• DATA RECORDS

▽

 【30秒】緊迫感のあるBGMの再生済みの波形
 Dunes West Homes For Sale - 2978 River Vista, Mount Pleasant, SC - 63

△
▽

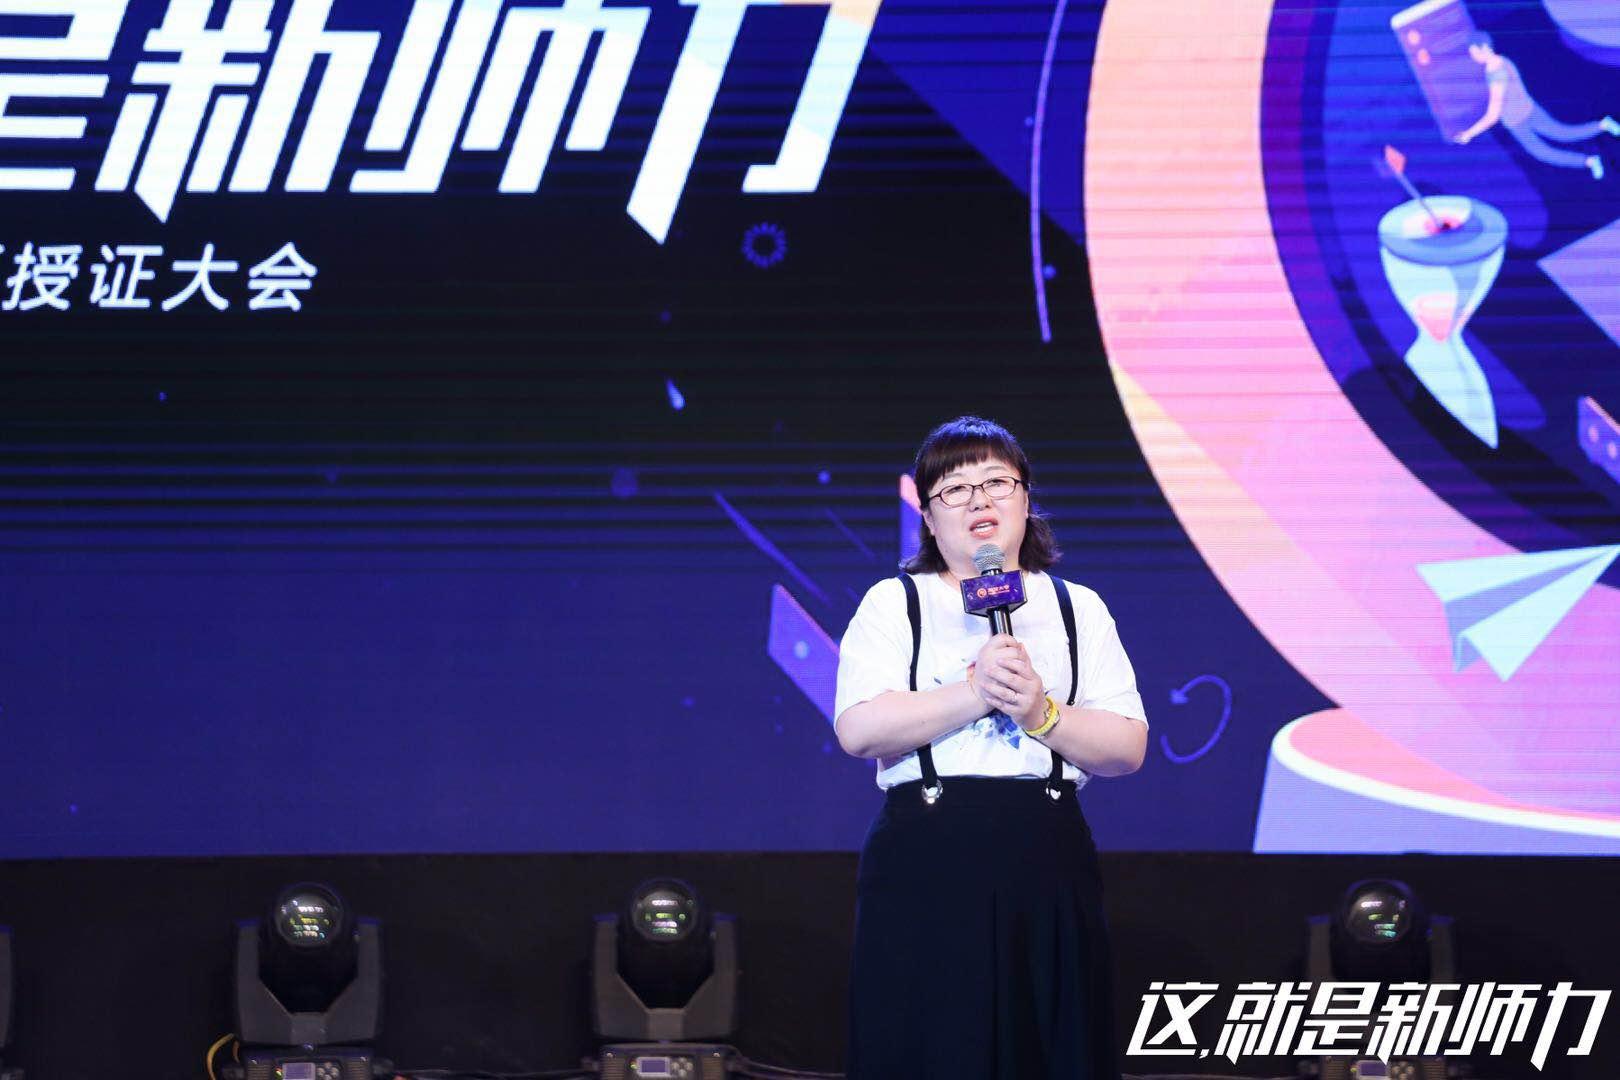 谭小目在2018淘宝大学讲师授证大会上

△
▽

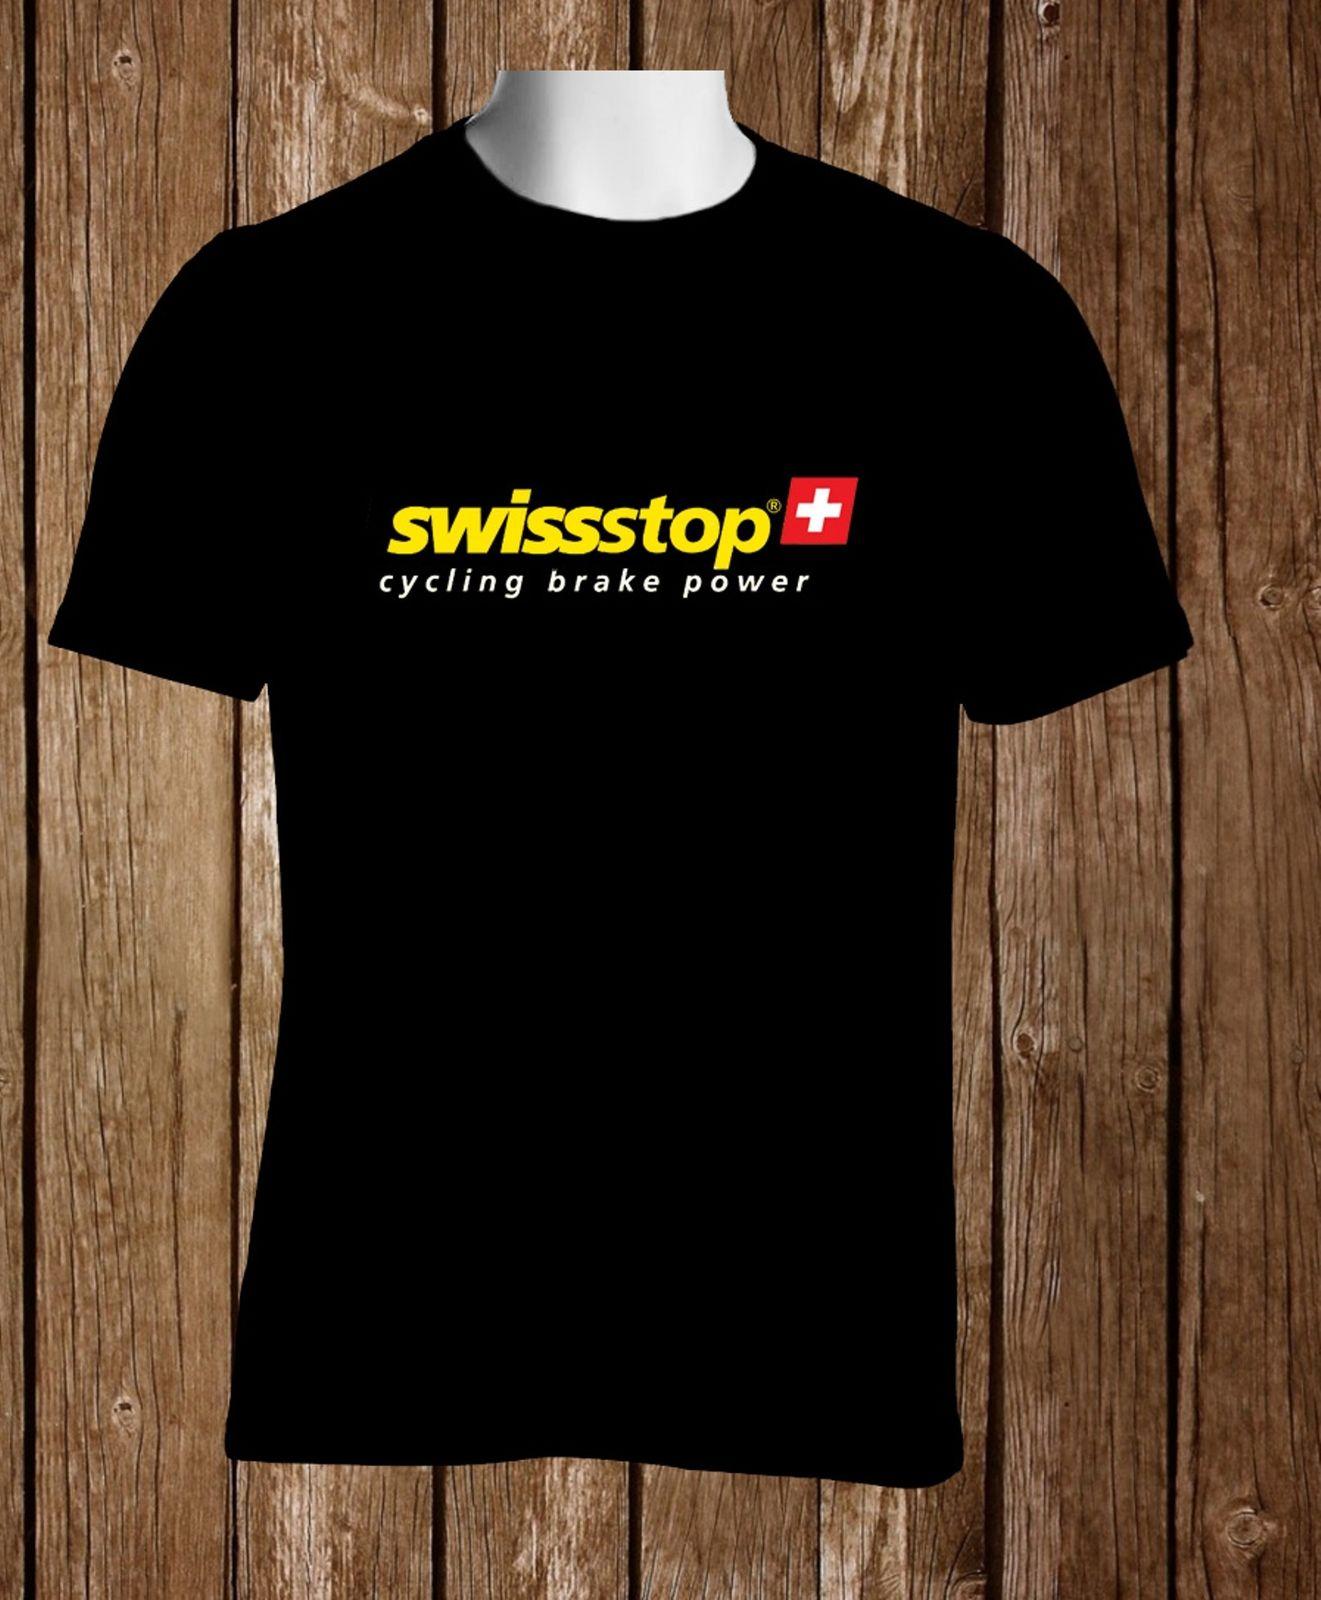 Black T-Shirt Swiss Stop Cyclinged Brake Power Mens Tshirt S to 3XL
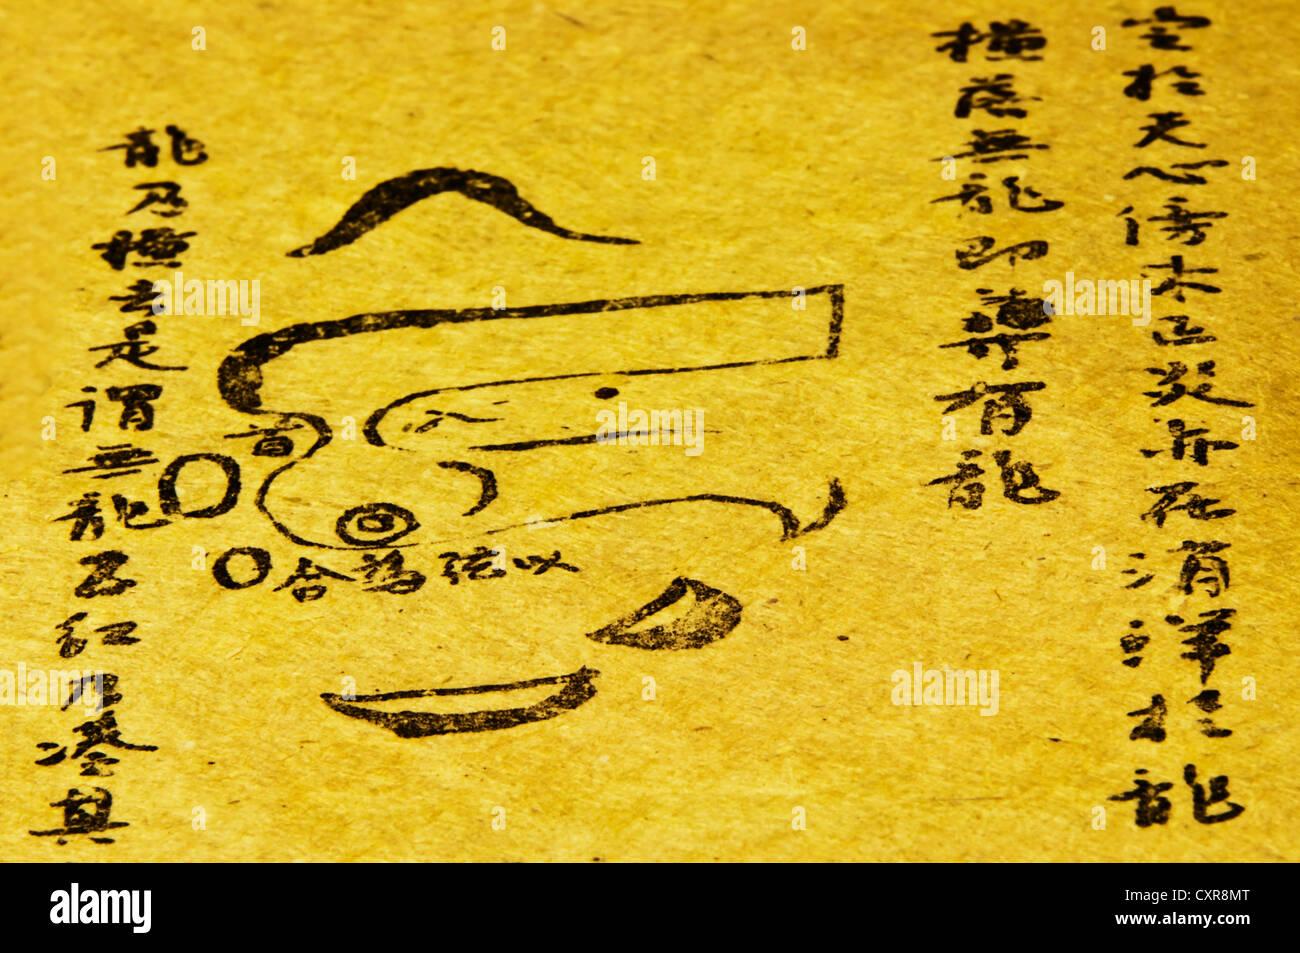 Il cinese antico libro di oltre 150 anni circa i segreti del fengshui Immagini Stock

△

• EXERCISE DETAILS
Extract the part of the records that opens with the line containing "Black T-Shirt Swiss" and closes with the line containing "Il cinese antico". Take only those lines, exactly, and no pictures.

• RESULT OF THIS EXERCISE
 Black T-Shirt Swiss Stop Cyclinged Brake Power Mens Tshirt S to 3XL
 Il cinese antico libro di oltre 150 anni circa i segreti del fengshui Immagini Stock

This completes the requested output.